The Neurohospitalist
May 28, 2014 1941874414533352
http://nho.sagepub.com/content/4/2.toc
Poliomyelitis Historical Facts, Epidemiology, and Current Challenges in Eradication
Man Mohan Mehndiratta, MD, DM, MNAMS, FAMS, FRCP1 Prachi Mehndiratta, MD2, Renuka Pande, MD3
1Department of Neurology, Janakpuri Superspeciality Hospital, Janakpuri, New Delhi, India
2Department of Neurology, subspecialty division Vascular neurology-StrokeDepartment of Neurology, subspecialty division Vascular neurology-Stroke, University of Virginia, Charlottesville, VA, USA
3Department of Microbiology, Janakpuri Superspeciality Hospital, New Delhi, India
Man Mohan Mehndiratta, Janakpuri Superspeciality Hospital, C-2/B, Janakpuri, New Delhi 110058, India.
Abstract
Poliomyelitis is a highly infectious disease caused by a virus belonging to the Picornaviridae family. It finds a mention even in ancient Egyptian paintings and carvings. The clinical features are varied ranging from mild cases of respiratory illness, gastroenteritis, and malaise to severe forms of paralysis. These have been categorized into inapparent infection without symptoms, mild illness (abortive poliomyelitis), aseptic meningitis (nonparalytic poliomyelitis), and paralytic poliomyelitis. This disease has been associated with crippling deformities affecting thousands of lives throughout the world. Only due to the perseverance and determination of great scientists in 1900s, the genomic structure of the virus and its pathogenesis could be elucidated. Contribution of Salk and Sabin in the form of vaccines—oral polio vaccine (OPV) and the inactivated polio vaccine—heralded a scientific revolution. In 1994, the World Health Organization (WHO) Region of The Americas was certified polio free followed by the WHO Western Pacific Region in 2000 and the WHO European Region in June 2002 of the 3 types of wild poliovirus (types 1, 2, and 3).

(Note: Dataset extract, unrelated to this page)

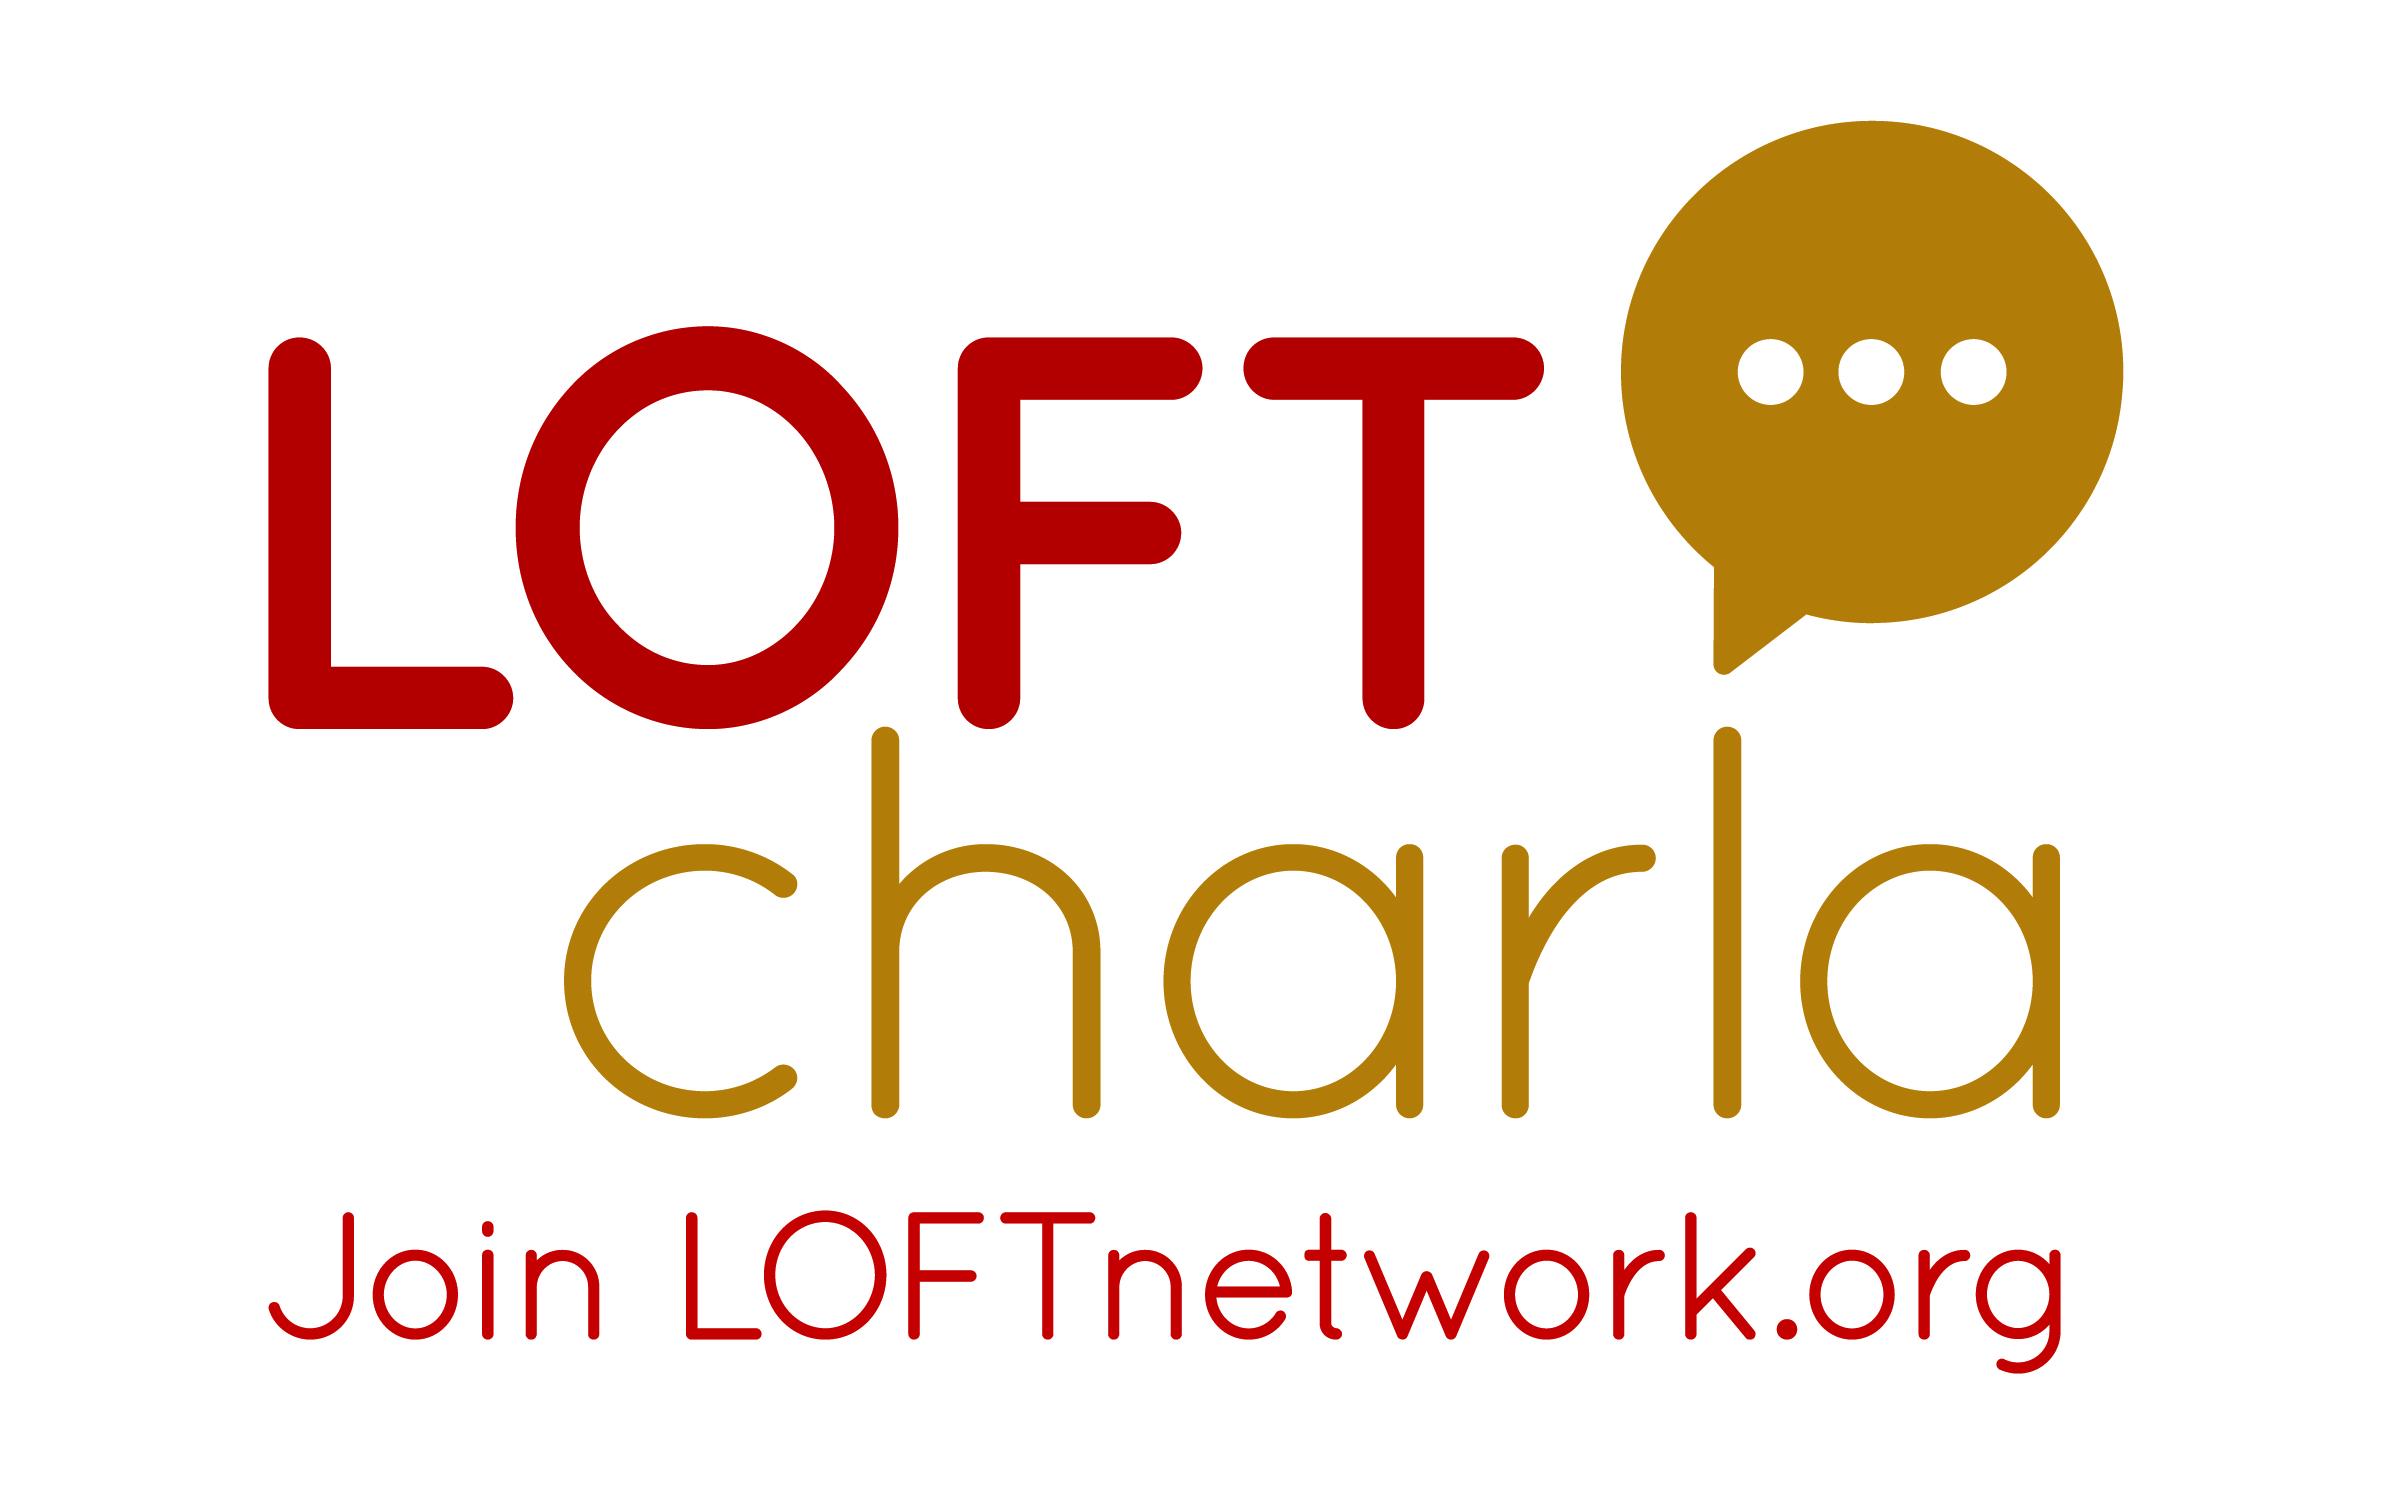 LOFT_Charla_Logo_CMYK_wTagline

In 2013, only 3 countries remained polio endemic—Nigeria, Pakistan, and Afghanistan. Global eradication of polio is imperative else the threat of an outbreak will hover forever. Today, all the governments of the world in collaboration with WHO stand unified in their fight against poliomyelitis and the task when achieved will pave the way for eliminating other infections in future.